(Post escrito no ano passado, 10 anos da tragédia)
Tragédia Boate Kiss – Descaso, ganância, amadorismo e luta pela memória
Hoje, 29 de janeiro de 2.023 revirei os 10 anos da tragédia da Boate Kiss.
Assisti a tão comentada série da Netflix Todo Dia A Mesma Noite. O nome já é muito bem escolhido. E a série é bem boa. Como a série trata de fatos reais, mas personagens fictícios (baseados claros em personagens reais), fiquei curioso em conhecer as pessoas reais da tragédia da Kiss.
Sendo assim, emendei depois da série, o documentário de cinco episódios da Globoplay – A tragédia de Santa Maria. A série documental é dirigida pelo jornalista Marcelo Canelas que passou sua infância e juventude em Santa Maria.
Tanto a série da Netflix quanto da Globoplay trata da tragédia em si, mas da luta dos pais dos 242 jovens que morreram na tragédia e dos sobreviventes. A série ficcional é triste, emocionante e revoltante claro. O documentário é impactante, chocante e mais revoltante ainda.
Jaú..
No domingo, dia 27 de janeiro de 2.013, lembro-me me acordar tarde da noitada de balada e trampo do General e quando entro na internet uma avalanche de notícia da tragédia. Sensação estranha, triste e preocupante para quem se vivia de balada naquele momento.
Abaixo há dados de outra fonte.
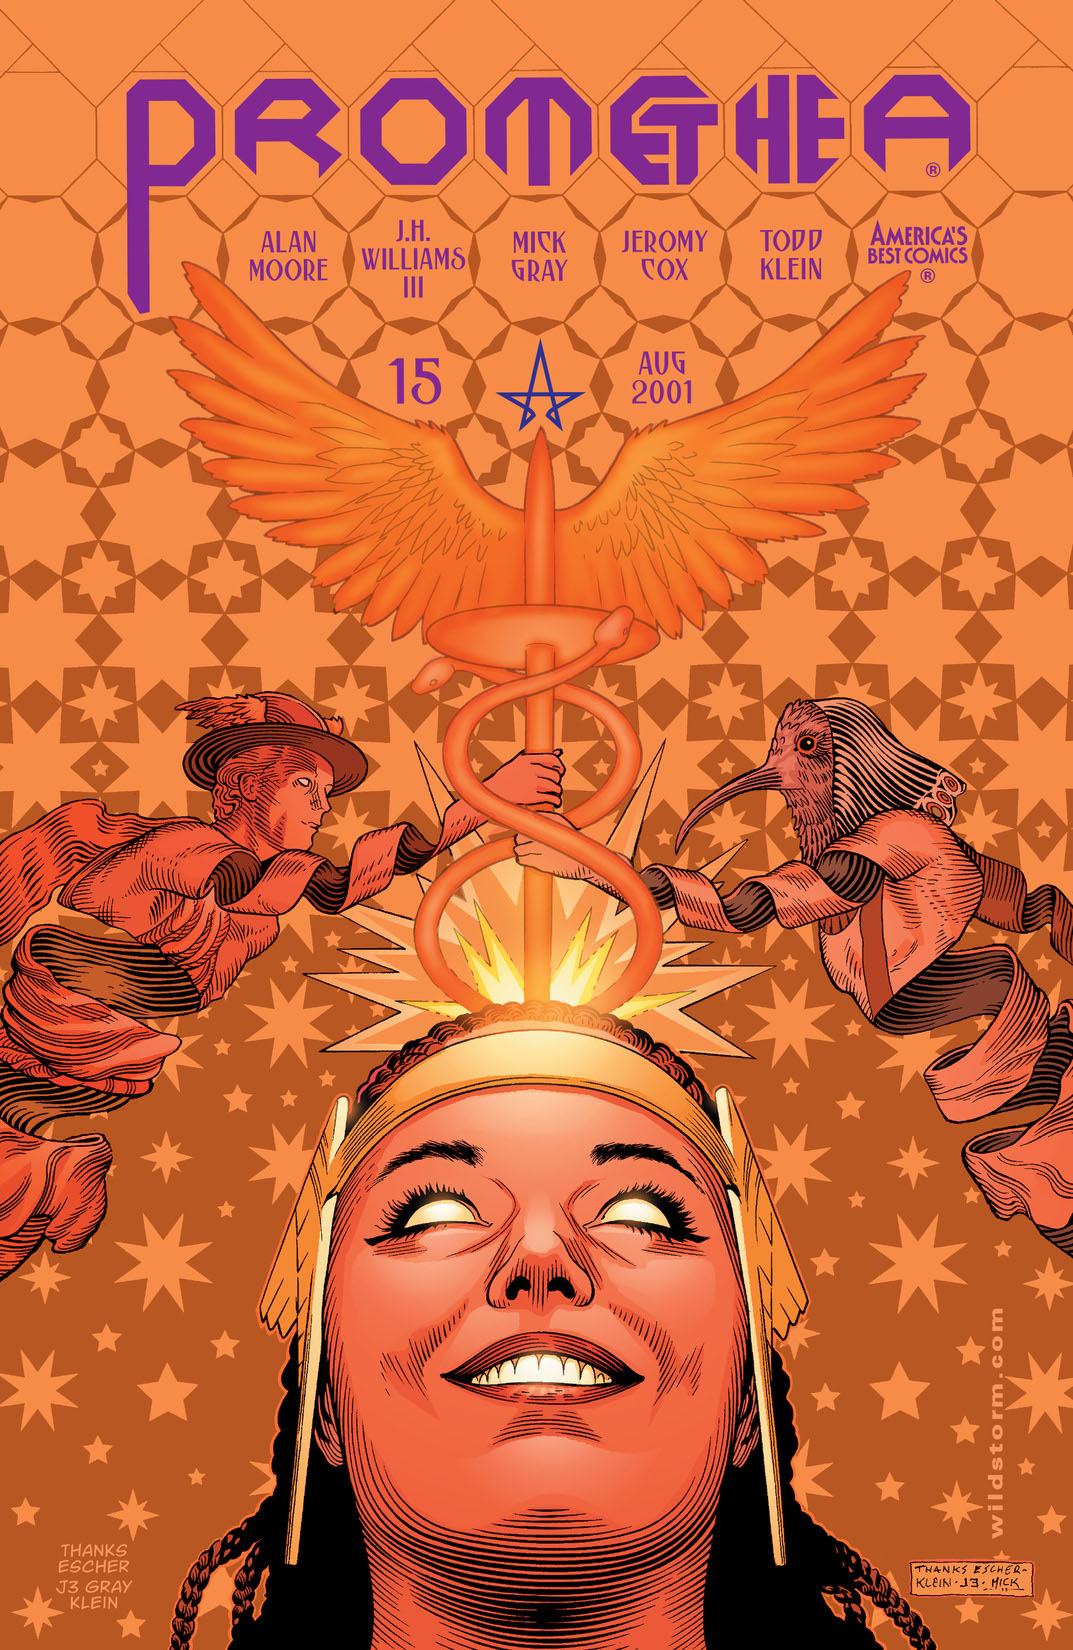 Promethea #15 preview images

Lembro perfeitamente que já na segunda ou terça-feira, o Corpo de Bombeiros daqui já foi visitar o General. E provavelmente todas as casas noturnas de Jaú.
Mas no General sempre fomos bem tranquilos neste quesito. Lembro-me que as pessoas, naquela semana comentavam comigo que viam as notícias e se lembravam das várias portas de emergências de lá.
Quem trabalha na noite se vê em algumas situações iguais das antes do palco pegar fogo. A expectativa, as conversas com os funcionários, os preparativos, o publico entrando..
E aquela semana foi obscura e triste para este ramo. No sábado seguinte da Kiss tínhamos o show do Koala Joe no General e confesso que empurramos o negócio. Sem clima nenhum.
Santa Maria..
O documentário do Marcelo Canelas na Globoplay trata de várias questões diferentes da série da Netflix que é uma série ficcional com uma livre inspiração. Claro que não muda o cerne da questão mas o documentário trata de questões mais abrangentes e tem o julgamento dos 04 réus como pano de fundo.
Muito embora o texto não vem aqui acusar, apontar dedo mas é básico e fácil de detectar o que realmente aconteceu. O fogo na espuma ilegal, lotação acima do permitido, a falta de sinalização de placas e luz de emergência, falta de saída de emergência, preocupação rápida e que acabou sendo mortal em não liberar os clientes sem o pagamento da comanda. E claro, o descaso dos agentes públicos na autorização de funcionamento de uma casa noturna vistosa, mas com erros crassos e mortais.
Tudo é uma mistura de descaso, ganância e um quê de amadorismo.
Uma das mães que mais participavam da luta nesses 10 anos falou uma frase tão simplista, real e sem dificuldade de interpretação de texto “Se todos tivessem feito a coisa certa, nada disso teria acontecido”. É simples e é isso.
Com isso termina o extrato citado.